_Task details_
Word for word, set down the entries below.

Records excerpted from a collection
· · · · ·
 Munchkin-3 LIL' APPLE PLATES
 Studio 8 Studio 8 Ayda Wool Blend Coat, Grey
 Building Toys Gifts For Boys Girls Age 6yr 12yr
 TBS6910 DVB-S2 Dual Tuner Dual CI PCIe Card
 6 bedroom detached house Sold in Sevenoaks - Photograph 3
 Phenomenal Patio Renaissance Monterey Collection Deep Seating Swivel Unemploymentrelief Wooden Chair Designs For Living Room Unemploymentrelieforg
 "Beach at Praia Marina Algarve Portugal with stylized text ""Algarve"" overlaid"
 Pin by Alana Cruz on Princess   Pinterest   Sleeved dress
· · · · ·
_Answer section_
 Munchkin-3 LIL' APPLE PLATES
 Studio 8 Studio 8 Ayda Wool Blend Coat, Grey
 Building Toys Gifts For Boys Girls Age 6yr 12yr
 TBS6910 DVB-S2 Dual Tuner Dual CI PCIe Card
 6 bedroom detached house Sold in Sevenoaks - Photograph 3
 Phenomenal Patio Renaissance Monterey Collection Deep Seating Swivel Unemploymentrelief Wooden Chair Designs For Living Room Unemploymentrelieforg
 "Beach at Praia Marina Algarve Portugal with stylized text ""Algarve"" overlaid"
 Pin by Alana Cruz on Princess   Pinterest   Sleeved dress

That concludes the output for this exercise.